- _Task brief_:
Everything in the listing that follows should be reproduced exactly except the pictures.

- _Provided material_:
- - - - -

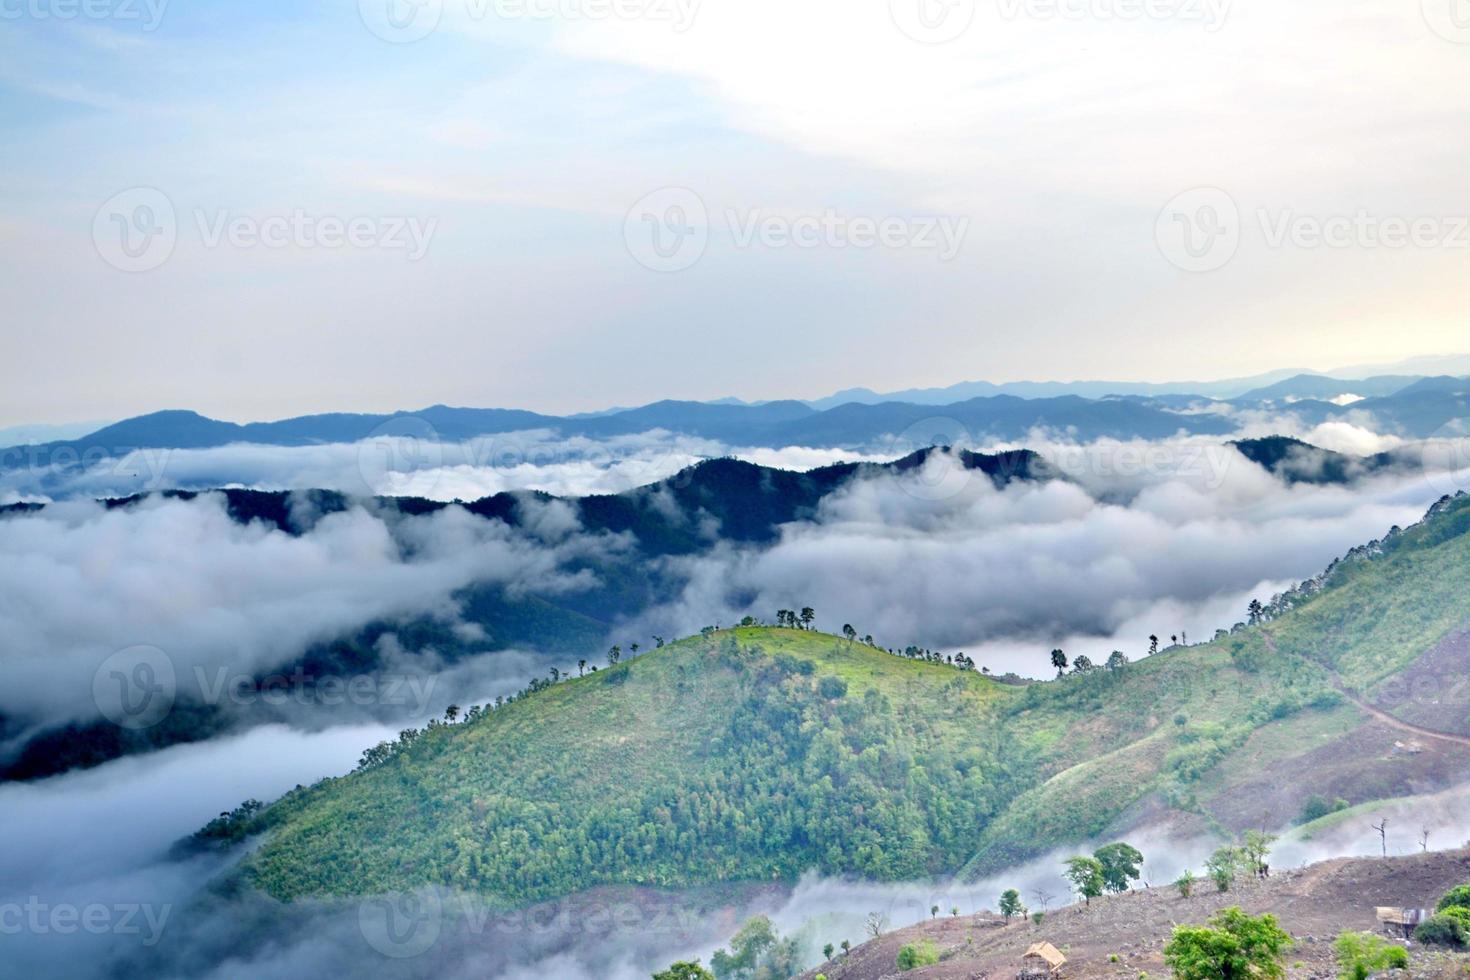 moln rullar över den vulkaniska bergstoppen under en regntid foto
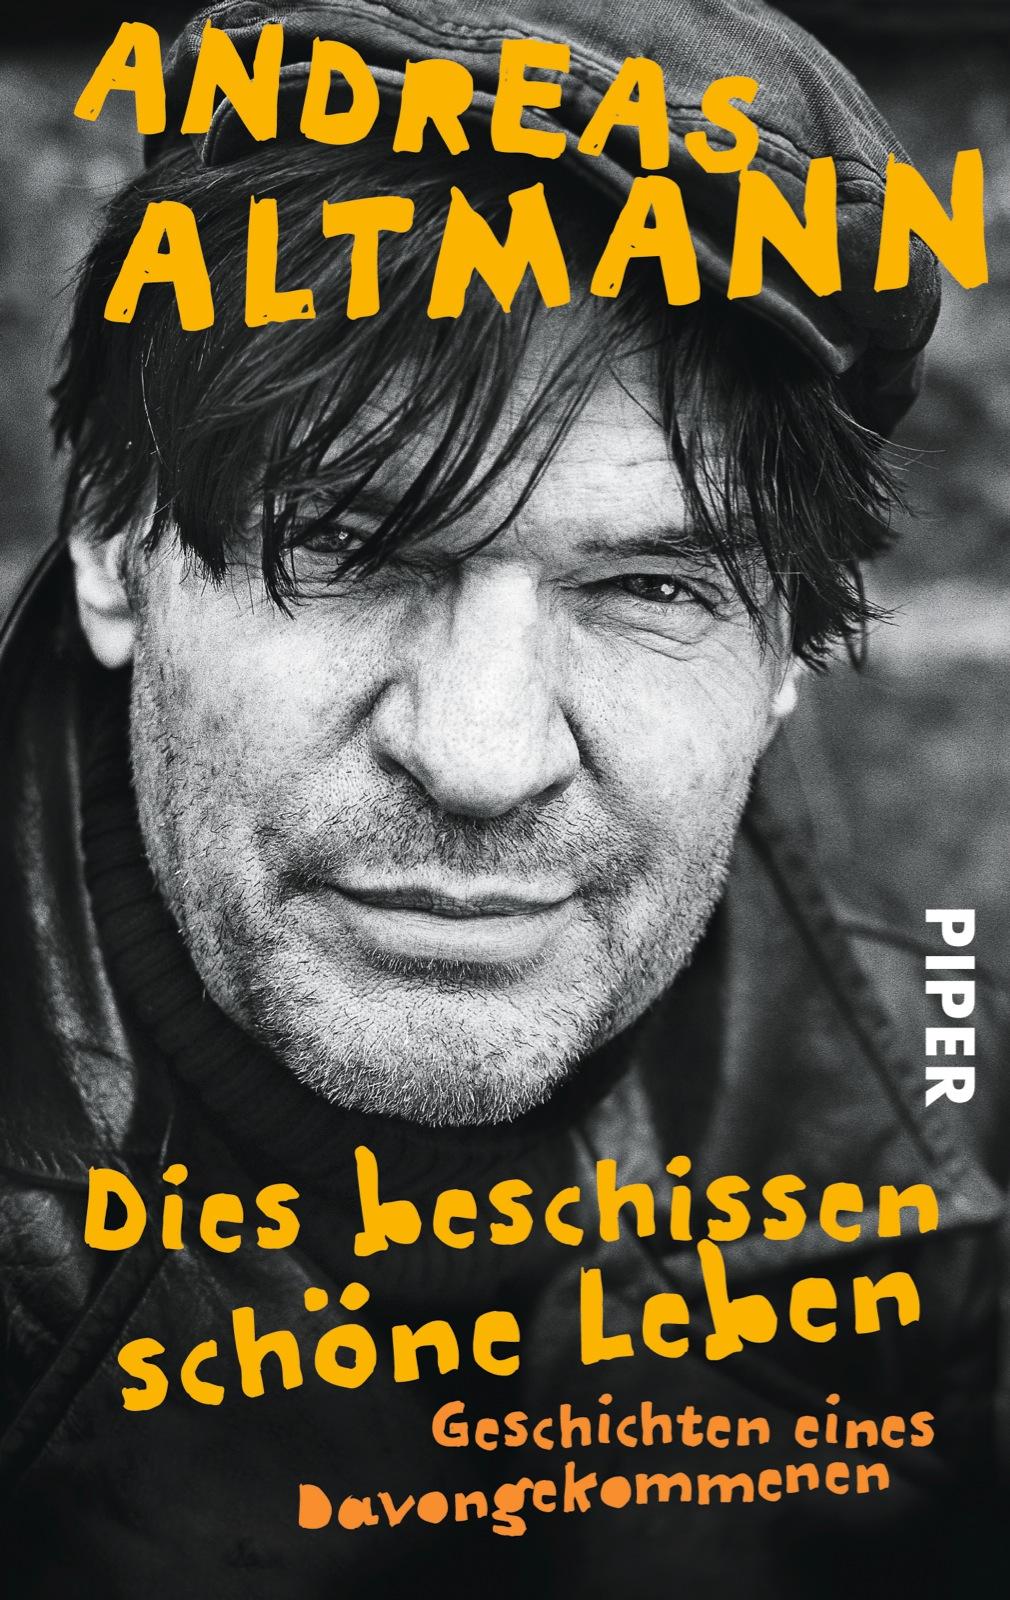 Dies beschissen schöne Leben: Geschichten eines Davongekommenen - Andreas Altmann [Taschenbuch]
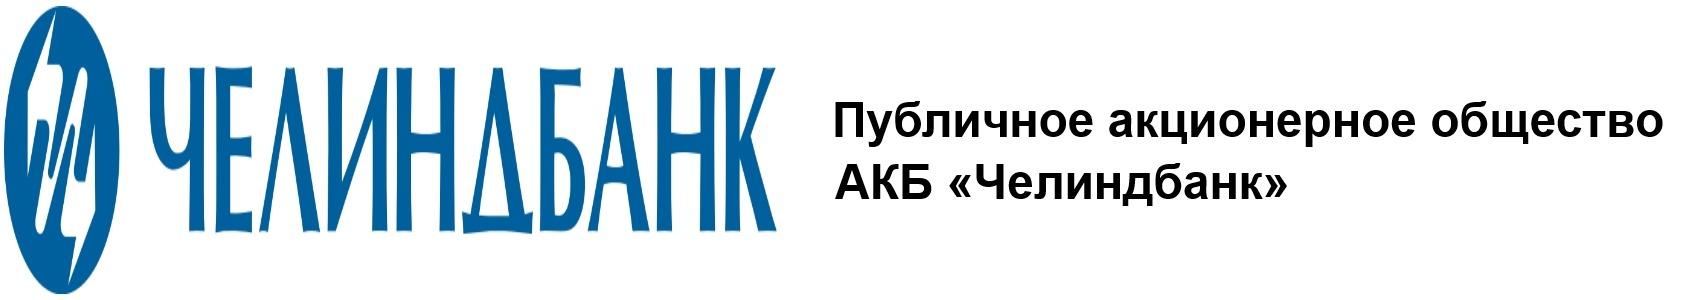 ПАО АКБ «Челиндбанк»
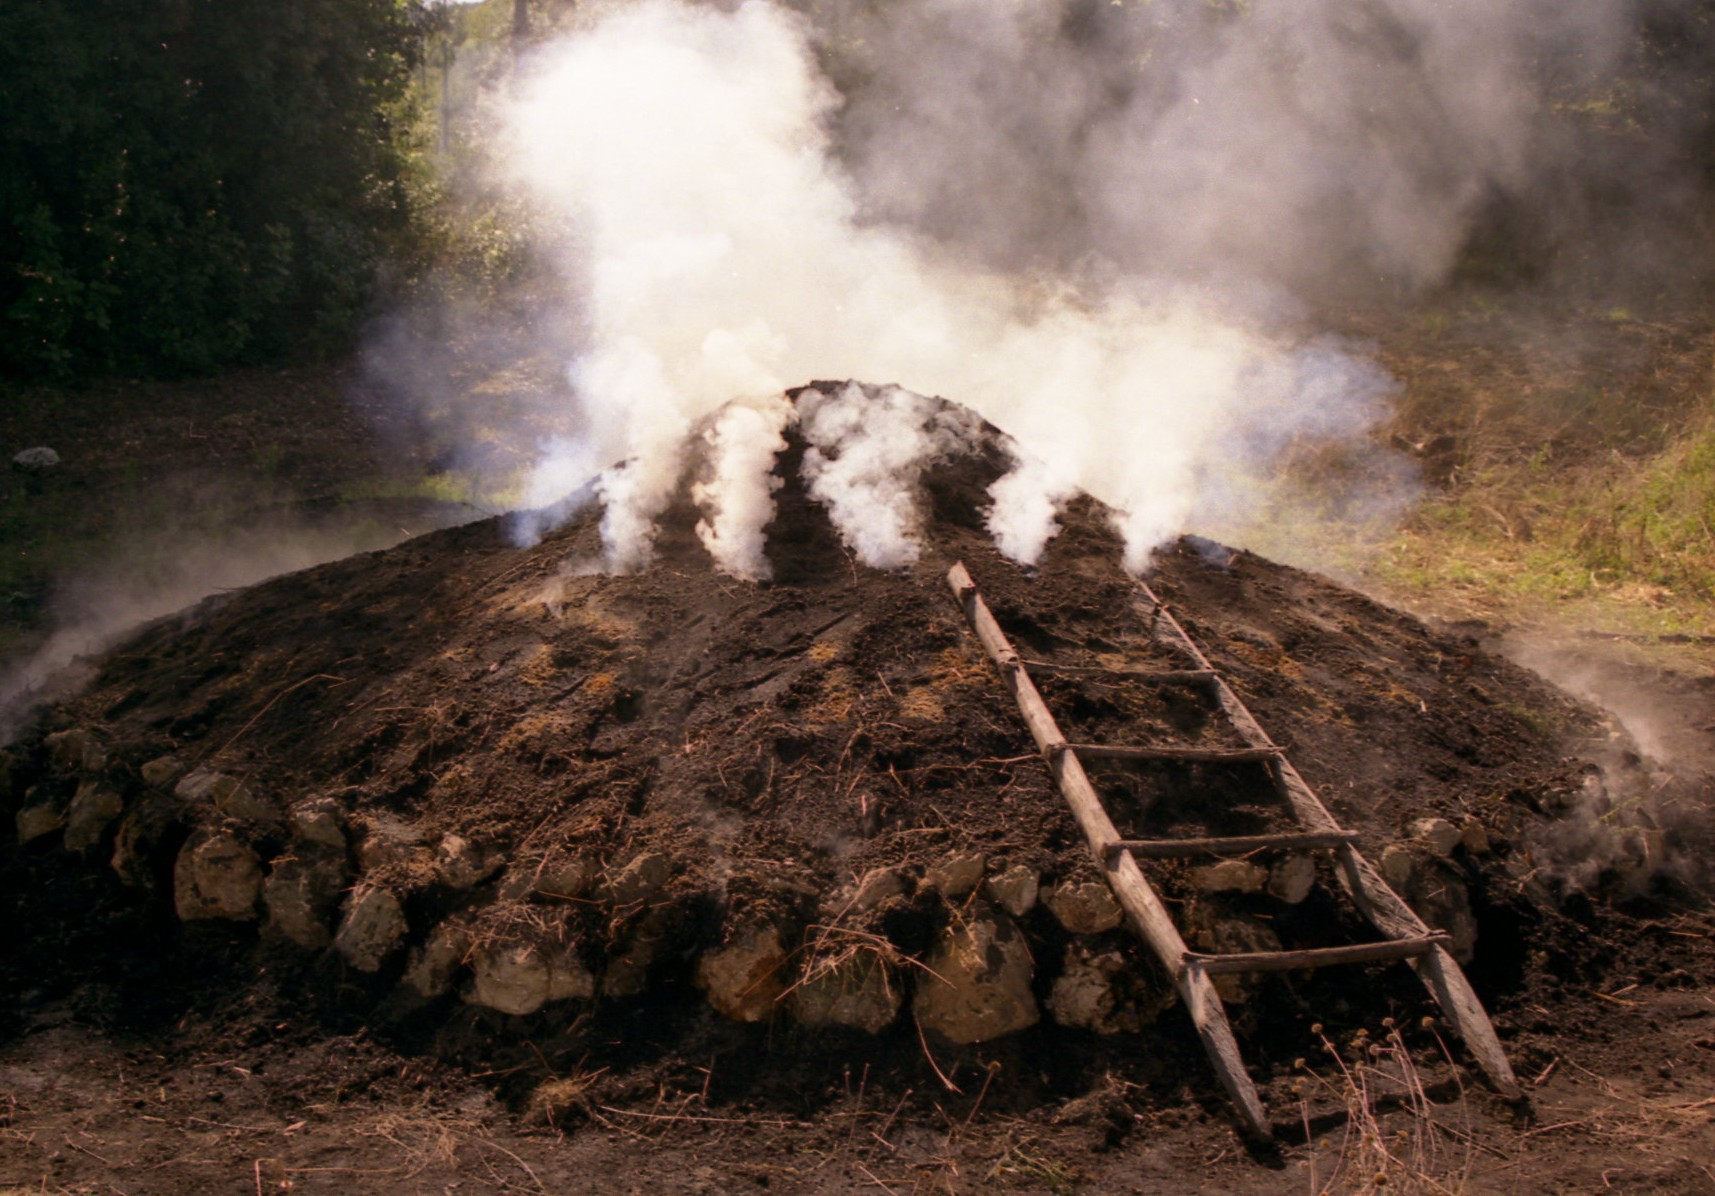 Dal primo cerchio di fori praticato alla sommità della carbonaia comincia ad uscire il fumo

- - - - -

- _Answer section_:
 moln rullar över den vulkaniska bergstoppen under en regntid foto
 Dies beschissen schöne Leben: Geschichten eines Davongekommenen - Andreas Altmann [Taschenbuch]
 ПАО АКБ «Челиндбанк»
 Dal primo cerchio di fori praticato alla sommità della carbonaia comincia ad uscire il fumo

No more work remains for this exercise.